In recent years, there has been a proliferation of prescription coupons and discounts offered by the manufacturers of prescription drugs to encourage the use of their products which are often expensive. In the short term, these coupons and discounts can reduce a patient’s out-of-pocket costs for a prescription drug, but in the long term, this practice can raise the cost of providing coverage for health and prescription benefits, which in turn results in higher health care premium costs for all consumers. 

PBMs were initially formed over 40 years ago and are contracted by health plans, self- insured employers, and government payers to assist insurers and employers in managing prescription drug benefit programs acting as third party administrators. They achieved success and were effective in negotiating prices with pharmaceutical manufacturers and reducing prescription drug prices.

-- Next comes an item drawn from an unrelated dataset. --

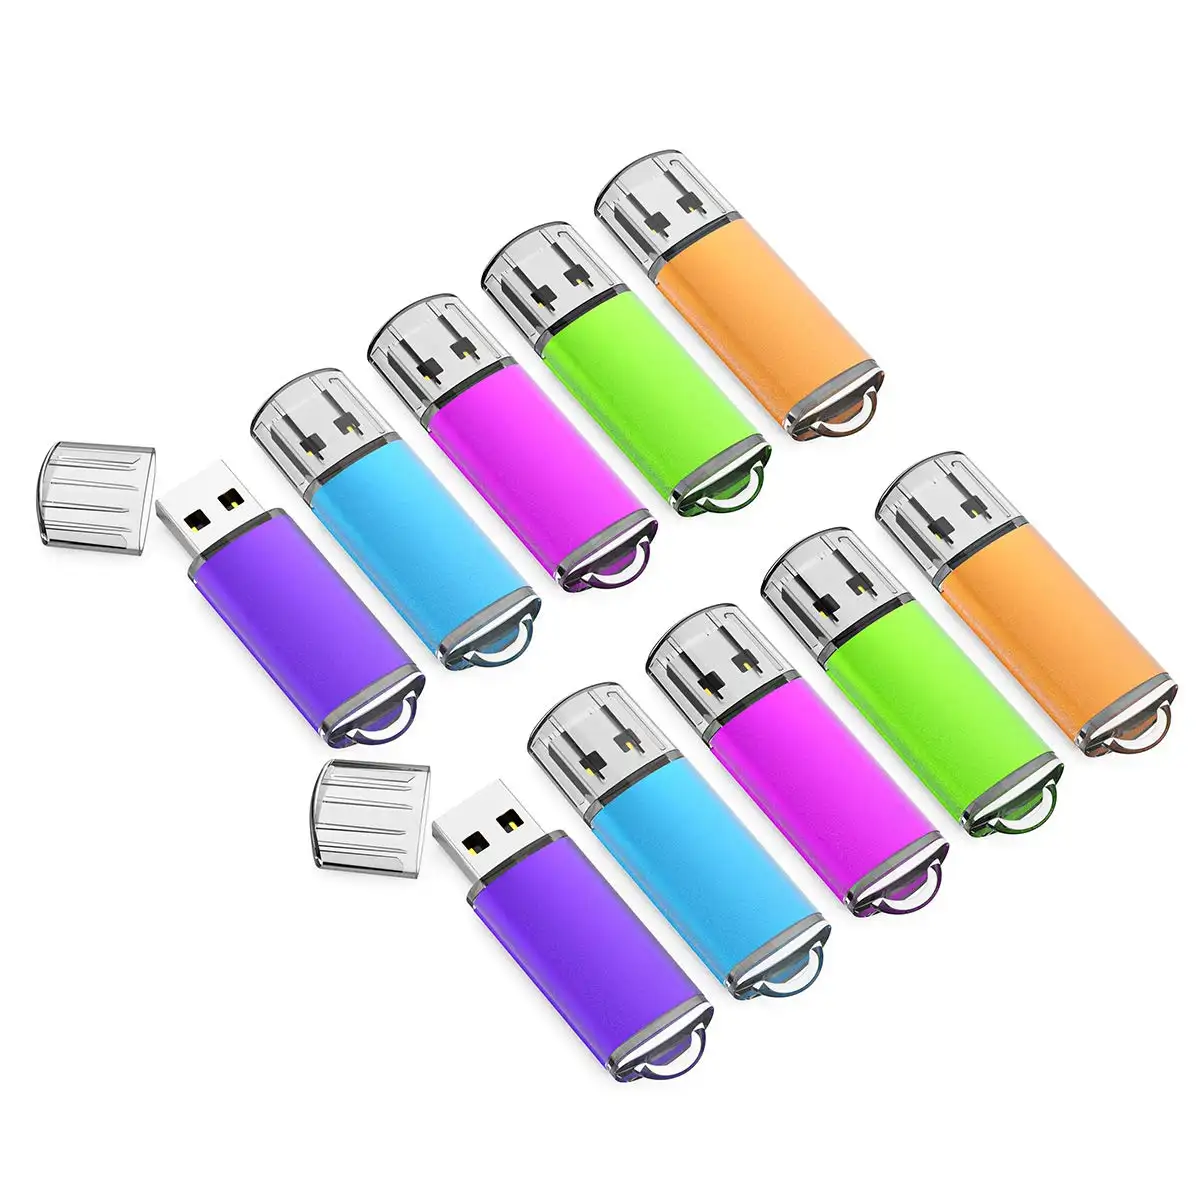 Mémoire de stockage Mémoire Disque USB 32 Go 64 Go Clé USB Design Pendrive Clé USB Clé USB avec indicateur LED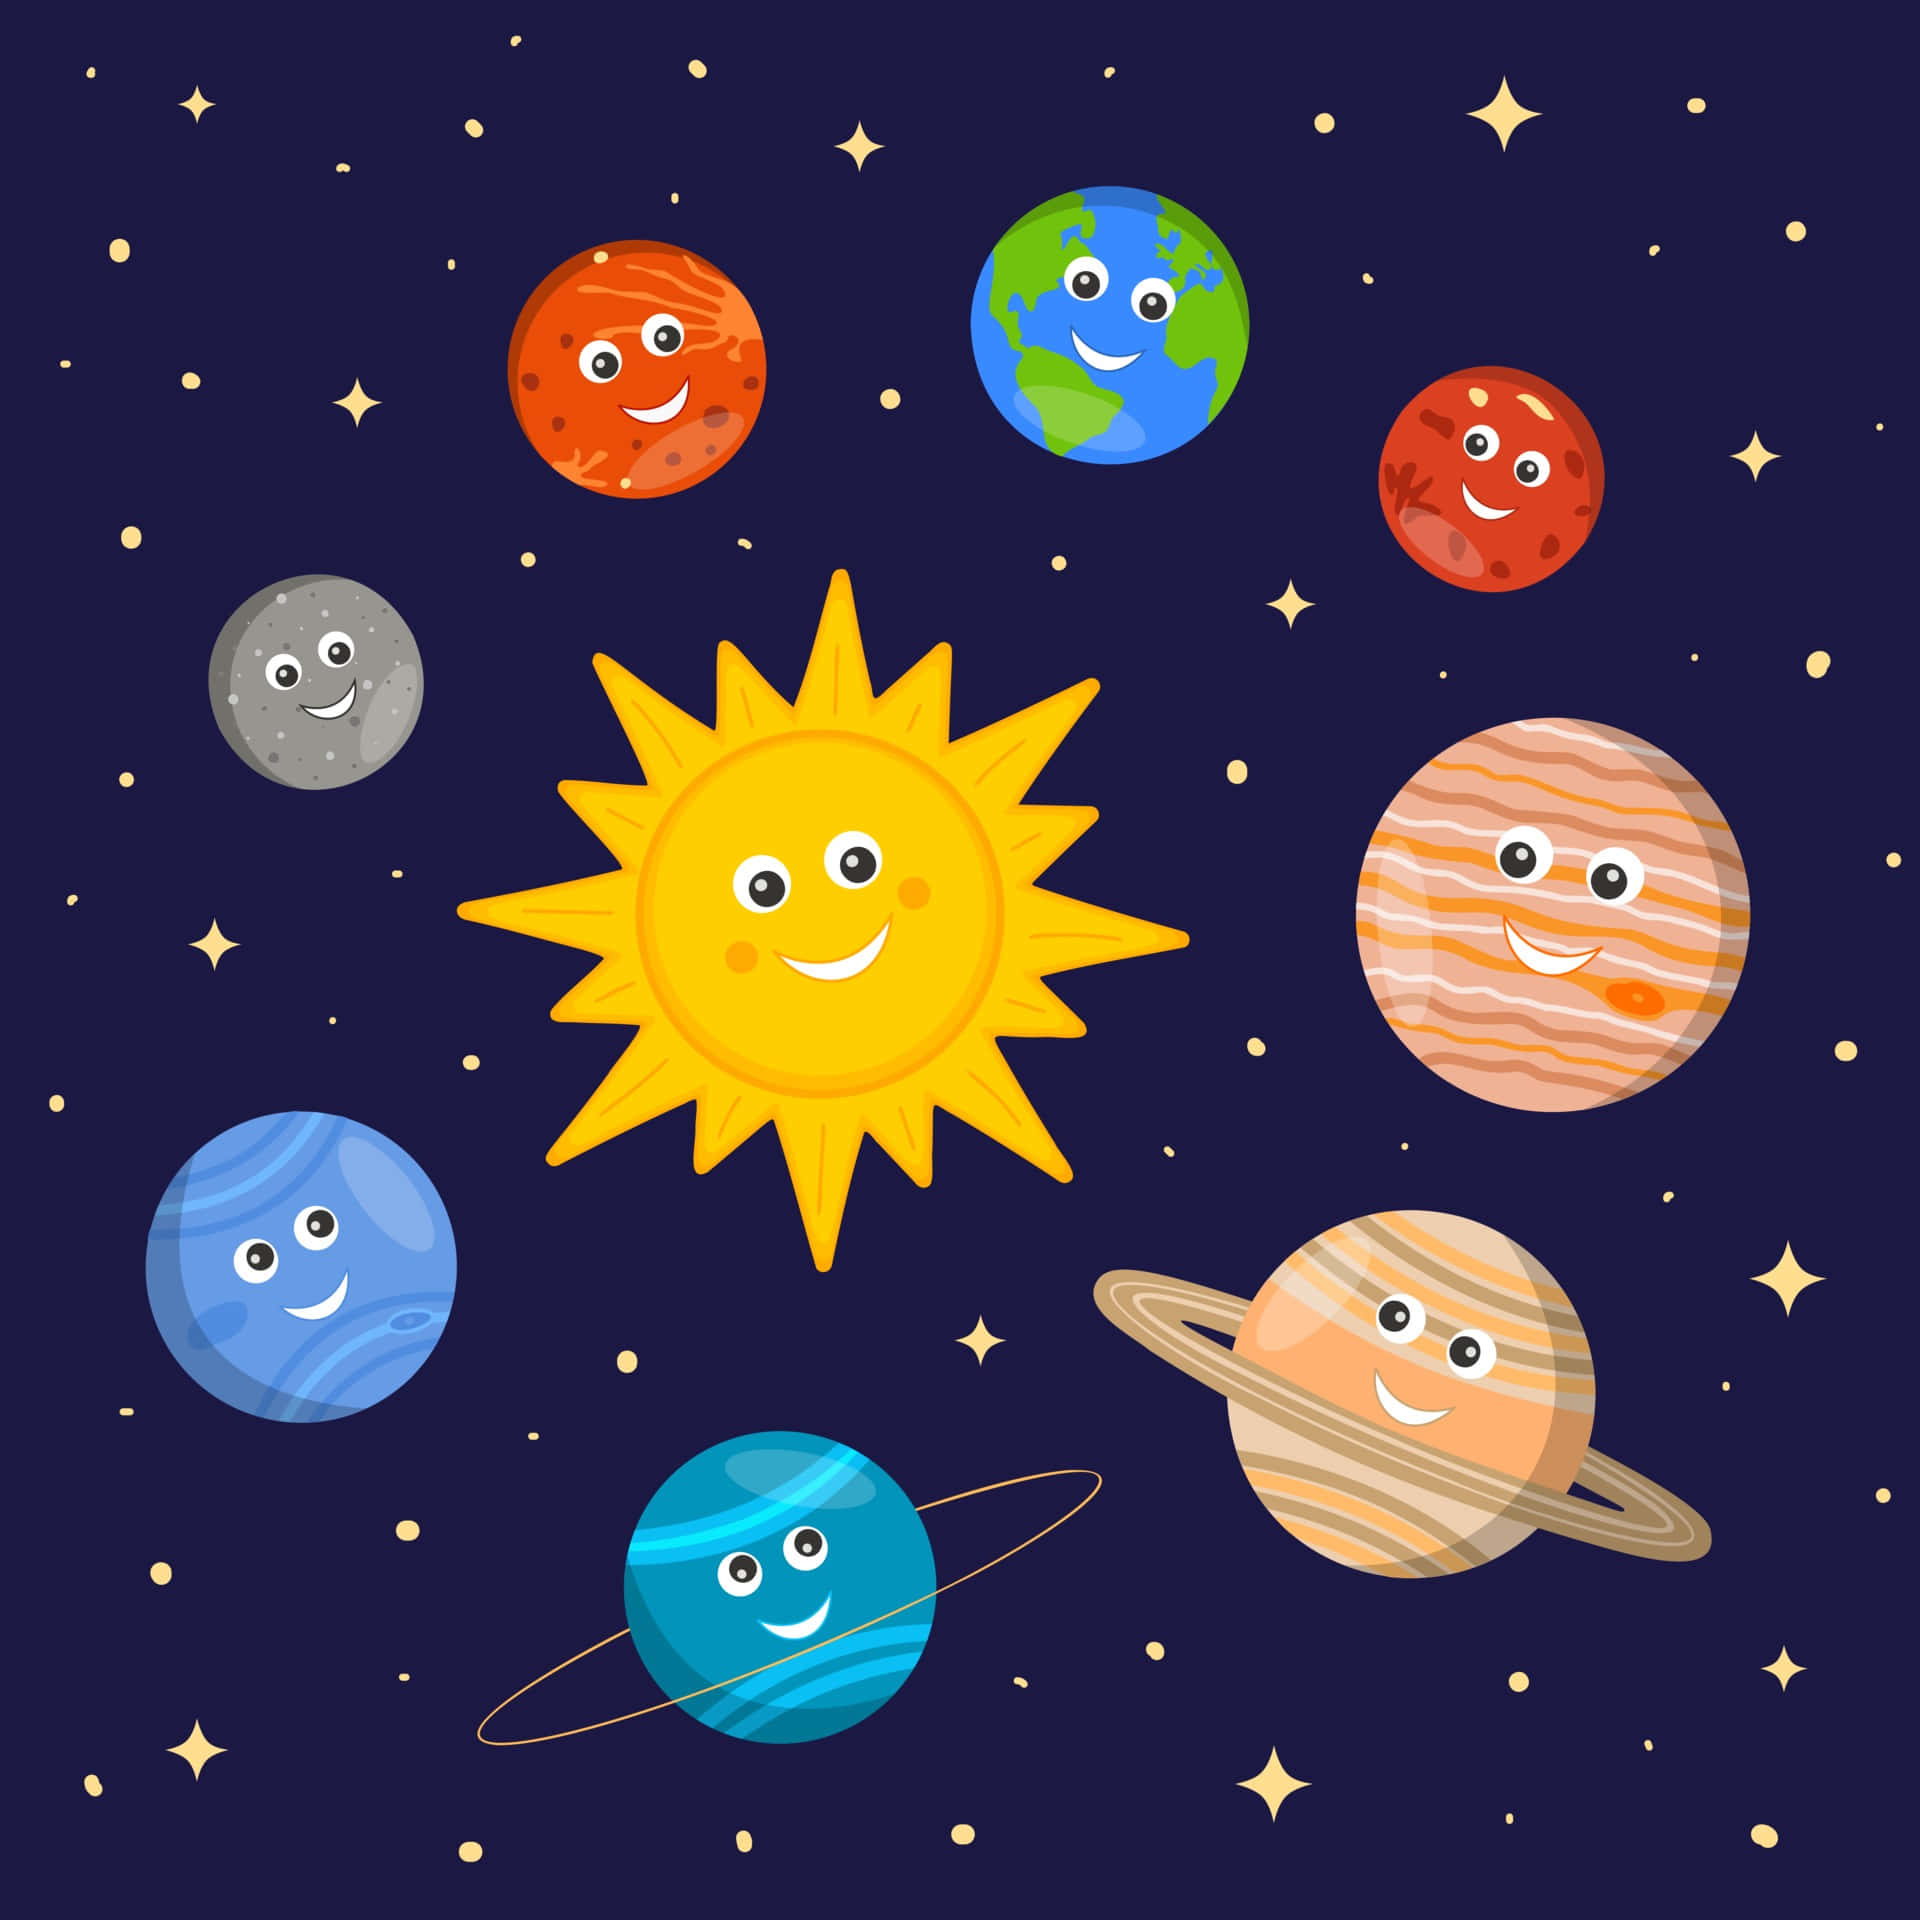 Dibujosanimados De Planetas Y El Sol En Una Imagen Del Sistema Solar.

Today, it is estimated that the three largest PBMs manage prescription drug coverage to more than 180 million Americans or roughly 78 percent of Americans. In 2014, the combined revenues of the three largest PBM’s exceeded $270 billion. “With that kind of revenue and no oversight, that’s a big concern for me,” said Wood. “If the PBMs are, in fact, negotiating the best pricing and doing right by consumers, they should have no concern with us ‘looking under the hood’.”